[Saved entries]
■ ■ ■ ■ ■ ■ ■

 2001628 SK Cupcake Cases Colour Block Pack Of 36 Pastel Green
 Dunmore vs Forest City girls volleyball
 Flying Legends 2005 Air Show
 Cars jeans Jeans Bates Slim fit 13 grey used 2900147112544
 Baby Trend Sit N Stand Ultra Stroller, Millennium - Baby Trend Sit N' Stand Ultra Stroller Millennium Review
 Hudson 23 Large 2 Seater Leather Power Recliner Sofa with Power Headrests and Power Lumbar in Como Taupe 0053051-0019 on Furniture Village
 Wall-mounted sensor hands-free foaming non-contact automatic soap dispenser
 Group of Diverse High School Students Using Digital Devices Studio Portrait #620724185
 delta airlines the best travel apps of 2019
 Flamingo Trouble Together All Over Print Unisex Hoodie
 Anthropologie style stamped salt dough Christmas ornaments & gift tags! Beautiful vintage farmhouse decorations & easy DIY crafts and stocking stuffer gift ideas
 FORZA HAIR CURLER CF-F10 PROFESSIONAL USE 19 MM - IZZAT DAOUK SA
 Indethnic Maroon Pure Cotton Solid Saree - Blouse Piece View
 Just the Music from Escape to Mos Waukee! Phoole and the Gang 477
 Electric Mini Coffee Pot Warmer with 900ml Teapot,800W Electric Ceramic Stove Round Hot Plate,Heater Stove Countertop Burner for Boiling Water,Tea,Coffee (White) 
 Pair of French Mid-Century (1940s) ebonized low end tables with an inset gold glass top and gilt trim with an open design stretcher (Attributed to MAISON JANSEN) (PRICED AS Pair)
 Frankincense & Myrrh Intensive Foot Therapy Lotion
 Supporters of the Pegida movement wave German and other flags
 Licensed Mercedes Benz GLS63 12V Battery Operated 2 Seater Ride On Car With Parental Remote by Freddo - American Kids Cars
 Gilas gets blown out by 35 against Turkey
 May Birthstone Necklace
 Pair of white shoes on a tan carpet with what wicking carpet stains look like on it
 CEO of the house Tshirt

■ ■ ■ ■ ■ ■ ■

## How to complete this task
Report every line in the data above in which the word "Seater" appears.

## Answer to the problem
 Hudson 23 Large 2 Seater Leather Power Recliner Sofa with Power Headrests and Power Lumbar in Como Taupe 0053051-0019 on Furniture Village
 Licensed Mercedes Benz GLS63 12V Battery Operated 2 Seater Ride On Car With Parental Remote by Freddo - American Kids Cars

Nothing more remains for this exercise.